NVlabs / neuralangelo

Official implementation of "Neuralangelo: High-Fidelity Neural Surface Reconstruction" (CVPR 2023)
https://research.nvidia.com/labs/dir/neuralangelo/
Other
4.38k stars 388 forks source link

Unable to run Neuralangelo; NVML not supported #15

Closed mitdave95 closed 1 year ago

mitdave95 commented 1 year ago

Getting the below error

torchrun --nproc_per_node=1 train.py --logdir=logs/sample/toy_example --config=projects/neuralangelo/configs/custom/toy_example.yaml --show_pbar
Traceback (most recent call last):
  File "train.py", line 104, in <module>
    main()
  File "train.py", line 46, in main
    set_affinity(args.local_rank)
  File "/data/imaginaire/utils/gpu_affinity.py", line 74, in set_affinity
    os.sched_setaffinity(0, dev.get_cpu_affinity())
  File "/data/imaginaire/utils/gpu_affinity.py", line 50, in get_cpu_affinity
    for j in pynvml.nvmlDeviceGetCpuAffinity(self.handle, Device._nvml_affinity_elements):
  File "/usr/local/lib/python3.8/dist-packages/pynvml/nvml.py", line 1745, in nvmlDeviceGetCpuAffinity
    _nvmlCheckReturn(ret)
  File "/usr/local/lib/python3.8/dist-packages/pynvml/nvml.py", line 765, in _nvmlCheckReturn
    raise NVMLError(ret)
pynvml.nvml.NVMLError_NotSupported: Not Supported
ERROR:torch.distributed.elastic.multiprocessing.api:failed (exitcode: 1) local_rank: 0 (pid: 442) of binary: /usr/bin/python
Traceback (most recent call last):
  File "/usr/local/bin/torchrun", line 33, in <module>
    sys.exit(load_entry_point('torch==2.1.0a0+fe05266', 'console_scripts', 'torchrun')())
  File "/usr/local/lib/python3.8/dist-packages/torch/distributed/elastic/multiprocessing/errors/__init__.py", line 346, in wrapper
    return f(*args, **kwargs)
  File "/usr/local/lib/python3.8/dist-packages/torch/distributed/run.py", line 794, in main
    run(args)
  File "/usr/local/lib/python3.8/dist-packages/torch/distributed/run.py", line 785, in run
    elastic_launch(
  File "/usr/local/lib/python3.8/dist-packages/torch/distributed/launcher/api.py", line 134, in __call__
    return launch_agent(self._config, self._entrypoint, list(args))
  File "/usr/local/lib/python3.8/dist-packages/torch/distributed/launcher/api.py", line 250, in launch_agent
    raise ChildFailedError(
torch.distributed.elastic.multiprocessing.errors.ChildFailedError:
============================================================
train.py FAILED
------------------------------------------------------------
Failures:
  <NO_OTHER_FAILURES>
------------------------------------------------------------
Root Cause (first observed failure):
[0]:
  time      : 2023-08-14_16:29:36
  host      : c7c816135a1c
  rank      : 0 (local_rank: 0)
  exitcode  : 1 (pid: 442)
  error_file: <N/A>
  traceback : To enable traceback see: https://pytorch.org/docs/stable/elastic/errors.html

Running on Windows 11, RTX 4090, from WSL Ubuntu 22.04.02 with --gpus all flag

chenhsuanlin commented 1 year ago

Hi @mitdave95, could you try commenting out this line?
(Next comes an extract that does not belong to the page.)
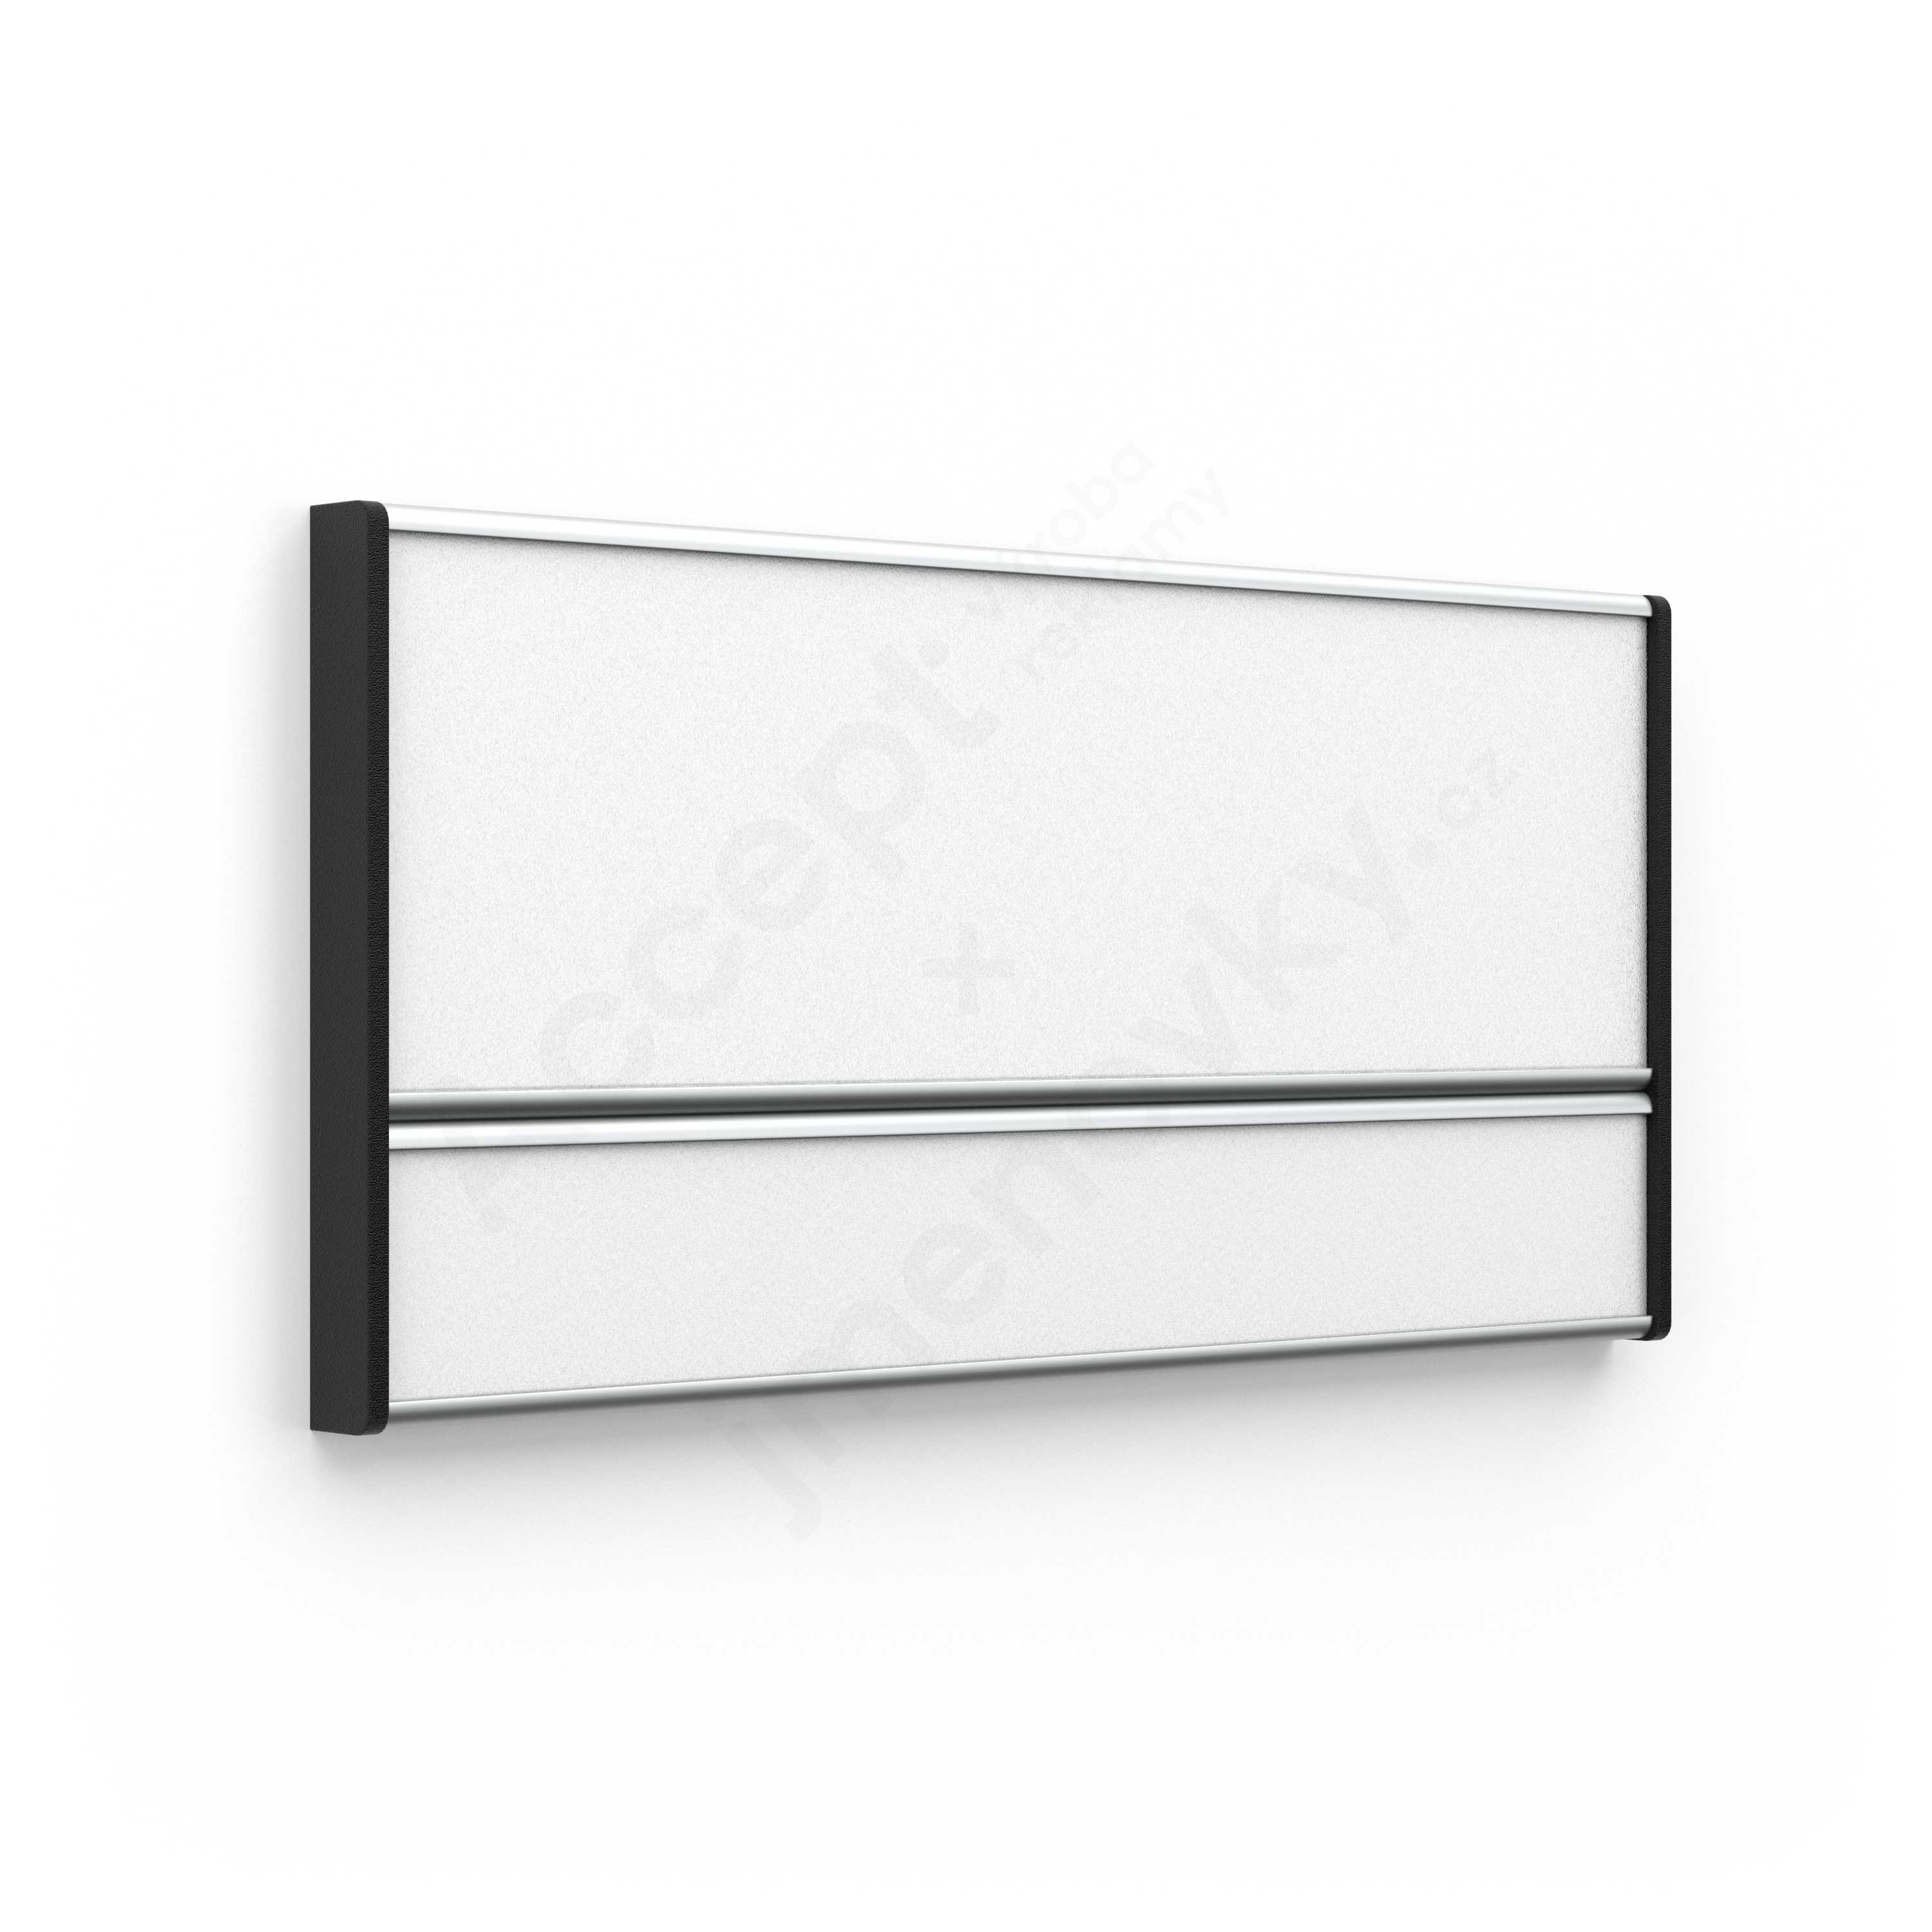 Dveřní tabulka ACS (zásuvný systém, 187 x 93 mm)
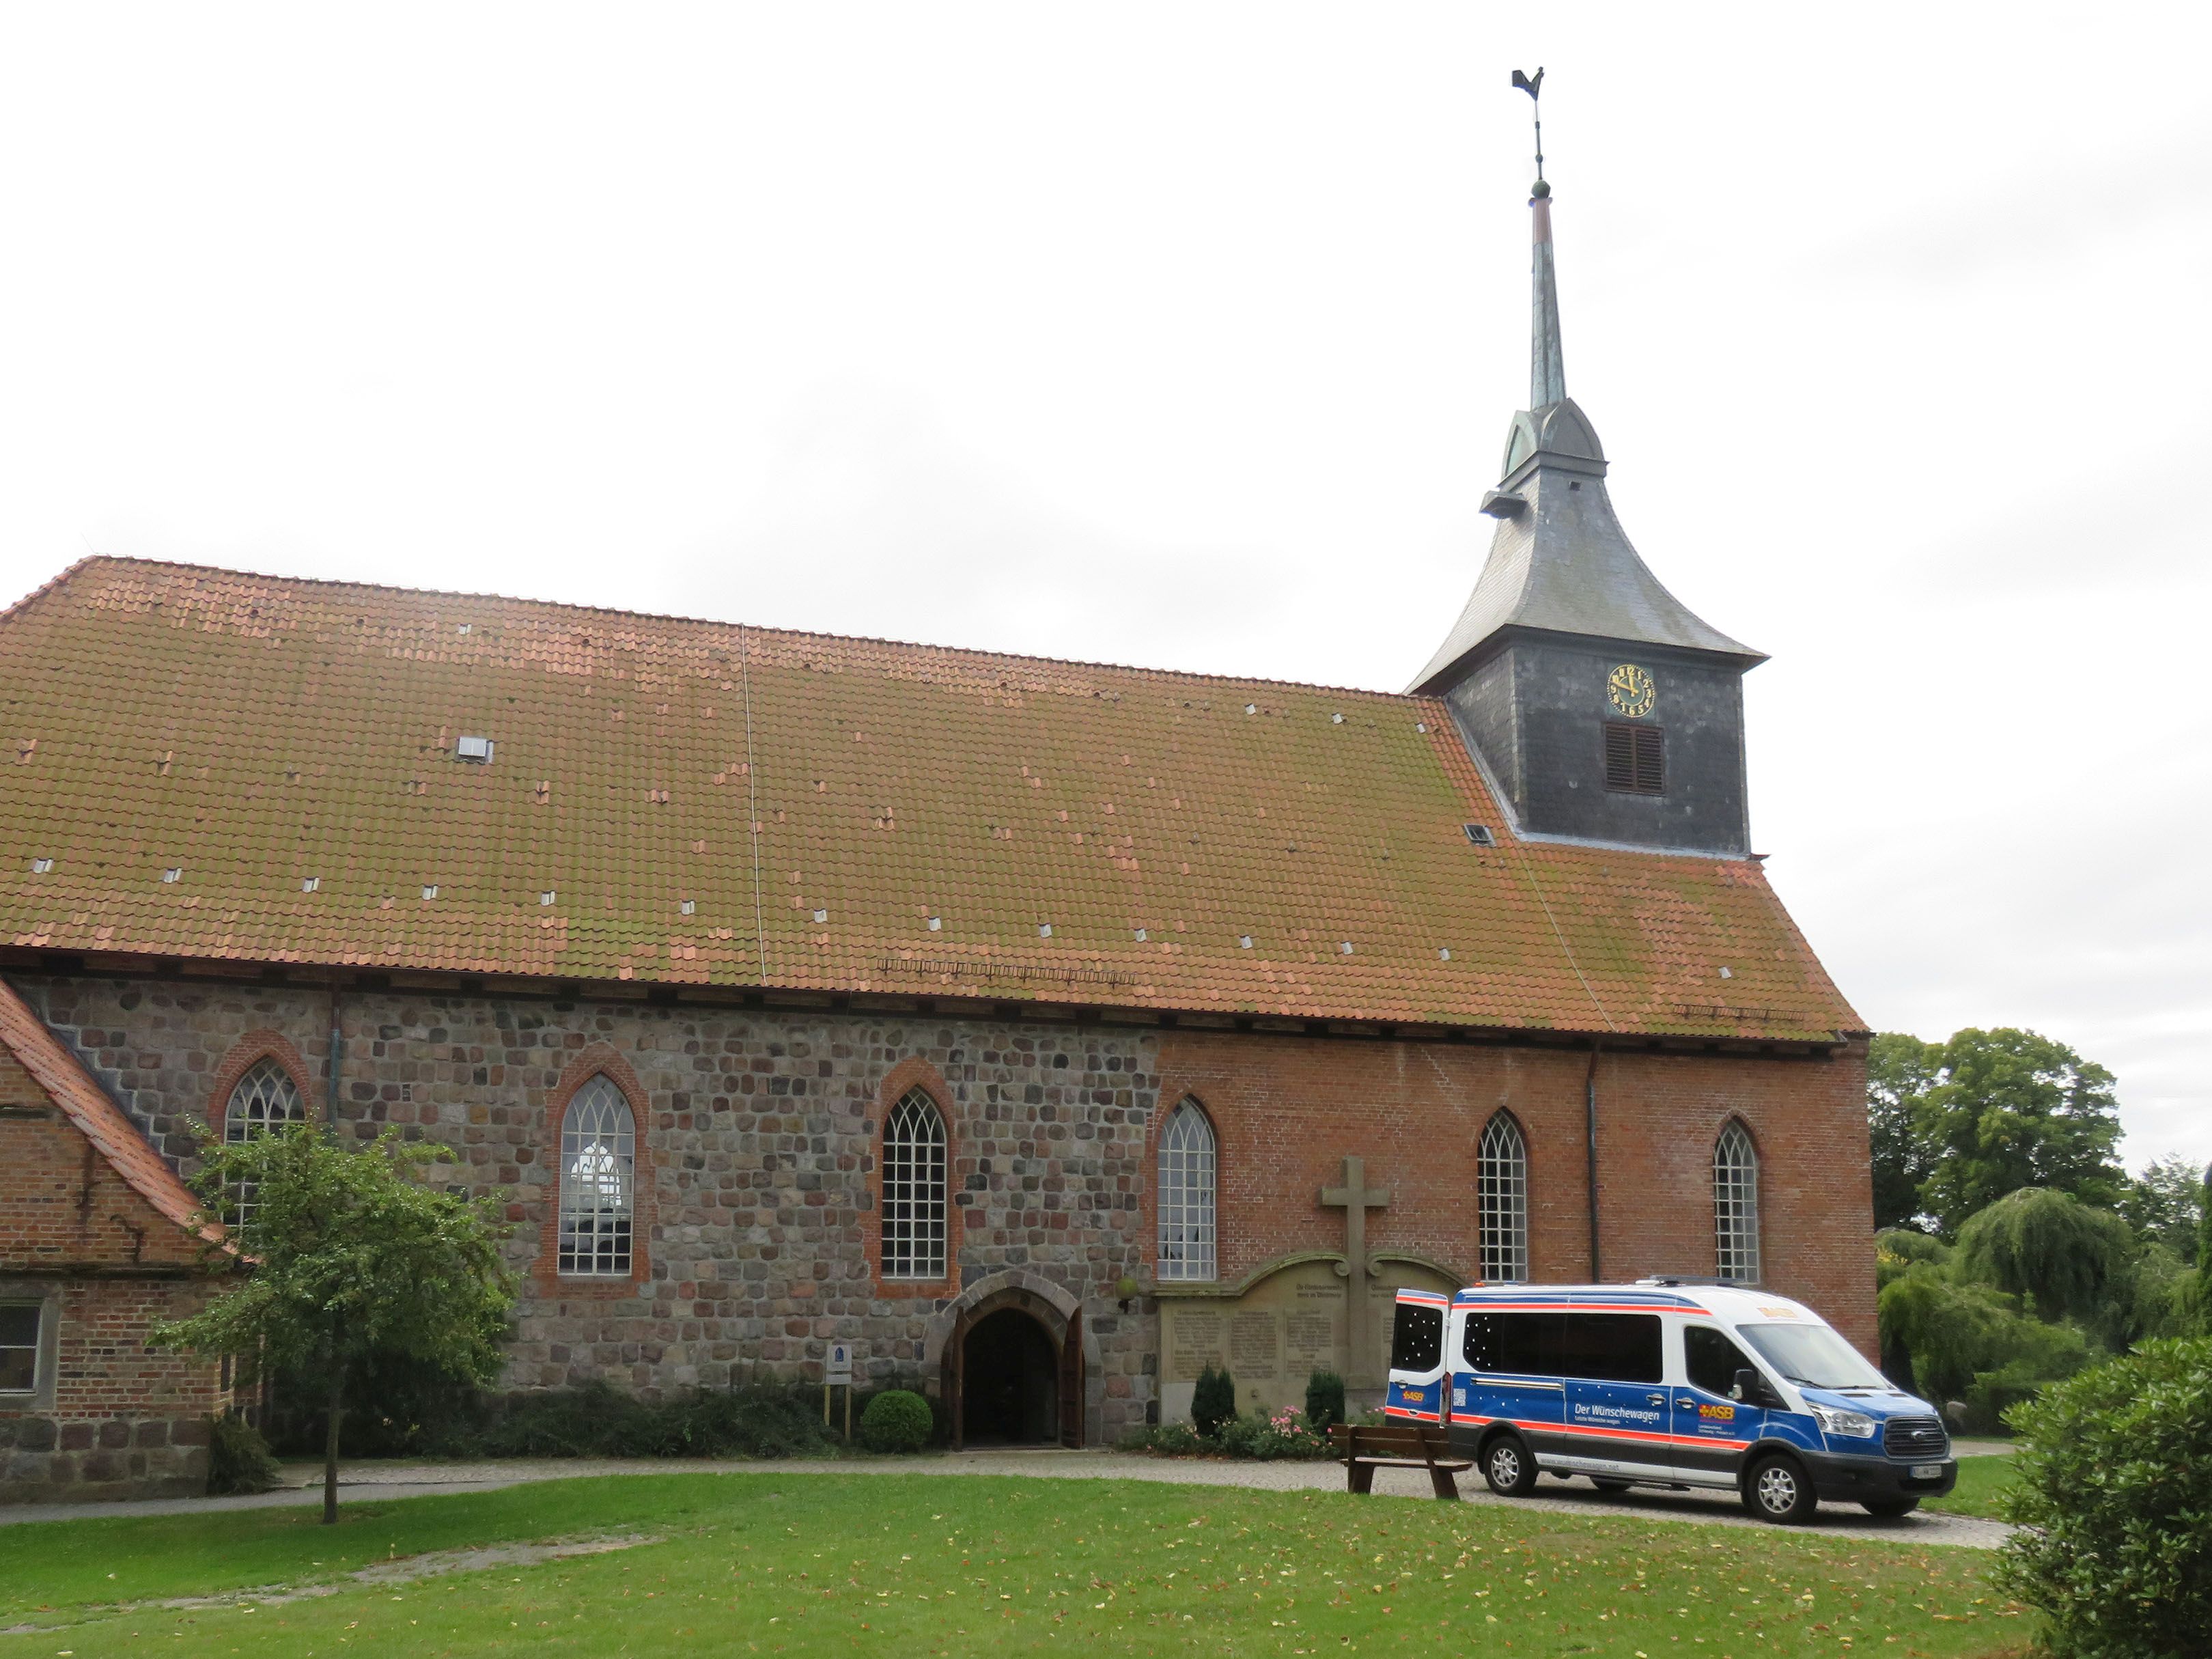 Wünschewagen-SChleswig-Holstein-Kirche-Letzte-Wünsche-wagen-1.jpg

This is an optional function that sets the processor affinity. If this resolves your issue, I can push a hotfix. Thanks!

mitdave95 commented 1 year ago

@chenhsuanlin it worked! thanks also, need to comment this line in extract_mesh.py

chenhsuanlin commented 1 year ago

Fixed in 3b1b95f! Please feel free to reopen if the issue persists.